Finding the Light at the End of the Tunnel

Finding the Light at the End of the Tunnel

by Daneisha Carter

My name is Daneisha and I'm an African American woman who suffers from severe anxiety and stress. I was around 18 years old when I had my first panic attack. I couldn't breathe and it felt like I was going to die. The room was spinning, and it felt like the room was caving in. My mom ended up finding me and helping me calm down. I was really scared and confused. I never had one before, so I paid no mind. After that incident I noticed I wasn't myself. I started waking up feeling weird. I didn't know how to explain it to anyone. I was angry or sad most of the time.

In certain situations, like car rides I would get super anxious, grabbing on the door handle because I was fearful something was going to happen to me. April 2022 I was at a fair with my cousin and brother, there was a shootout. I have never been so scared in my life. It definitely amped up my anxiety. As time went on, it felt like my anxiety was getting worse and worse. I became very stressed out. I started losing focus on school, work, everyday tasks, and I had personal issues at home I was battling. My health even started to decline. Everything was happening all at once and I couldn't control it. I would cry myself to sleep every night. Wishing that all this pain could go away. I even became suicidal multiple times but never acted on it.

That's when I started looking for help. I found a therapist, I started praying again, and even opened up to my sister and uncle regarding how I was feeling. Therapy has helped me a lot. It helped me identify what was going on with me and to learn what my triggers were.
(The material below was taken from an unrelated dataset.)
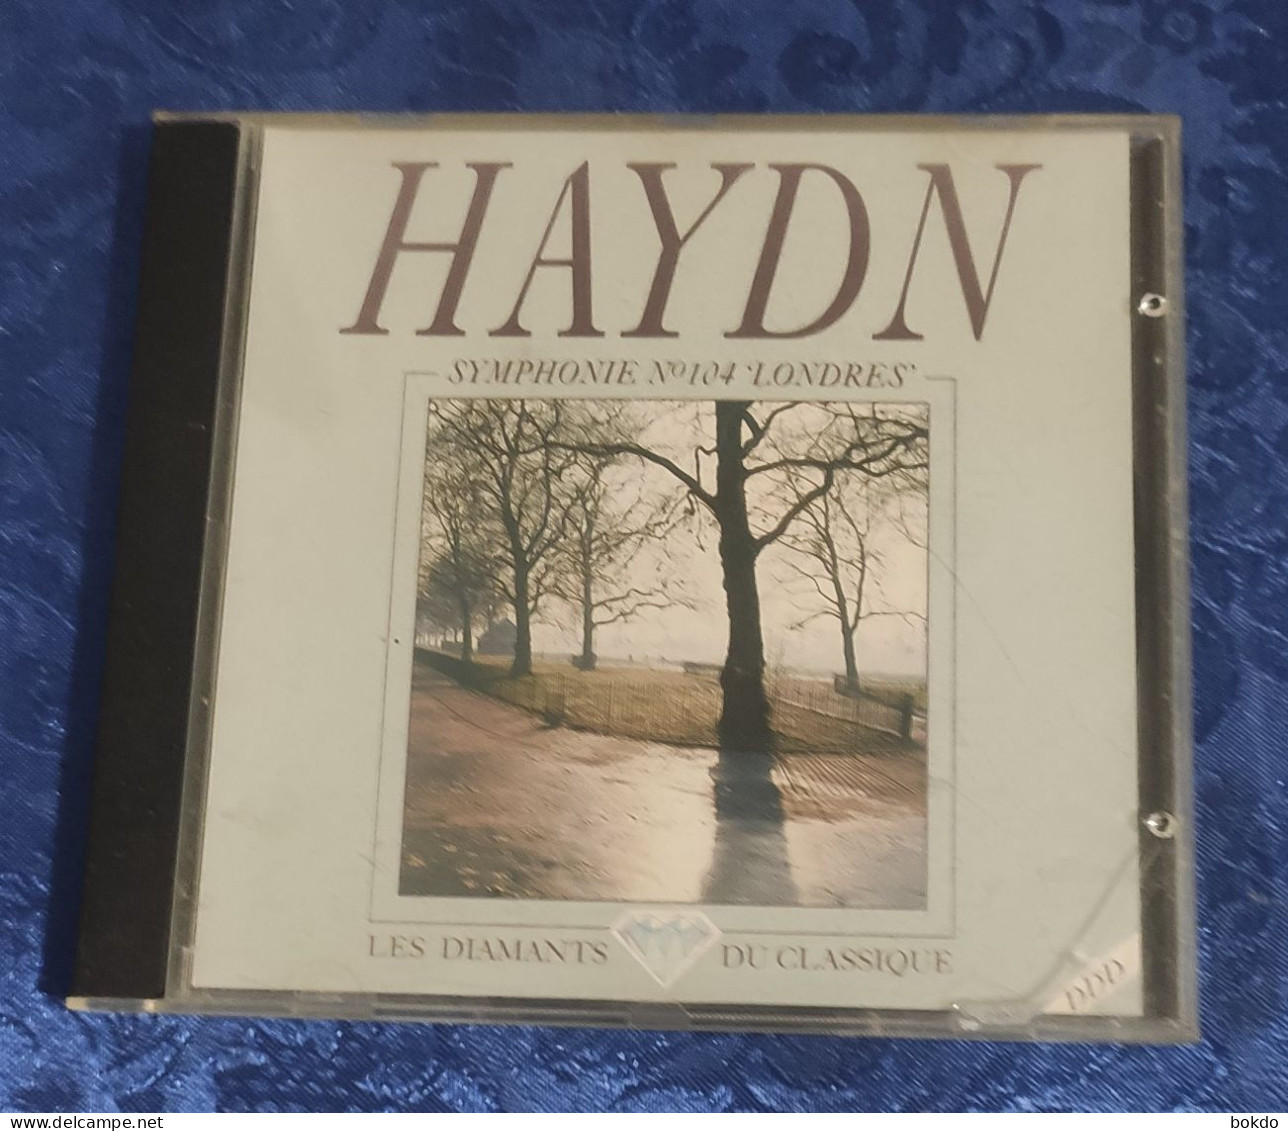 HAYDN - Symphonie N° 104 "londres" - Klassiekers

I was able to learn how to deal with my stress and anxiety without letting it consume my everyday life.

Meditation, prayer, and getting outside has made a huge change when I'm feeling unordinary. Having a good support system was a huge benefit. Without my uncle and sister, I don't think I'd be here. I'm still facing anxiety and stress every day and it is not easy at all!

I found ADAA because I wanted to share my story and help other young people who struggle with mental health like I do. Growing up in a black household, mental health is not something that is talked about. Therapy is looked down on, you're not allowed to have emotions; you just have to push through and I'm here to say that is completely wrong! Talking about your emotions is very healthy and if you're struggling, it's okay to get help!

Keep fighting because there is going to be light at the end of the tunnel.